Abstract
Abstract Multiple deep learning approaches collect analytics for semantic image retrieval in different formats. Some approaches may just collect the analytics in form of tag, some might collect the analytics in form of caption and recently a few sophisticated scene graph generation algorithms are collecting the analytics in form of triplets (Subject- Verb- Object). The lack of uniformity in the analytics format leads to usage of multiple types of schemas and databases to retrieve the images using unstructured user queries. For example, a tag-based search uses a Key Value DB, Scene graph-based retrieval uses a graph DB.
Having dependency on a database increases the computational requirements for searching images on low compute storage devices like SSDs. Further Since every database uses its own query language, the performance of the image retrieval framework is highly dependent on how efficient these queries are written.

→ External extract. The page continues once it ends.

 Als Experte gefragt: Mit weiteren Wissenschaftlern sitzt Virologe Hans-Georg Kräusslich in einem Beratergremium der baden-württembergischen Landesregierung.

Learn how to design an embedded machine learning standard framework inside SSD using an advanced transformer model to convert analytics from various deep learning approaches to uniform embedding format suitable for fast and accurate image retrieval. Any form of analytics (tag, sentence, paragraph, triplets) will be converted into a N-dimensional vector. For faster lookup on SSD, the framework stores the extracted N-dimensional vectors as an index tree and processes the user queries also as a N-dimensional vector by feeding the user input to SBERT transformer model.
Learn framework more as in how to design an interface to capture the intent behind a user query using clustering techniques. For ex. “woman riding a bike” and “Girl driving a scooter” have the same intent, the intent based interface increases image search accuracy with low number of false positives.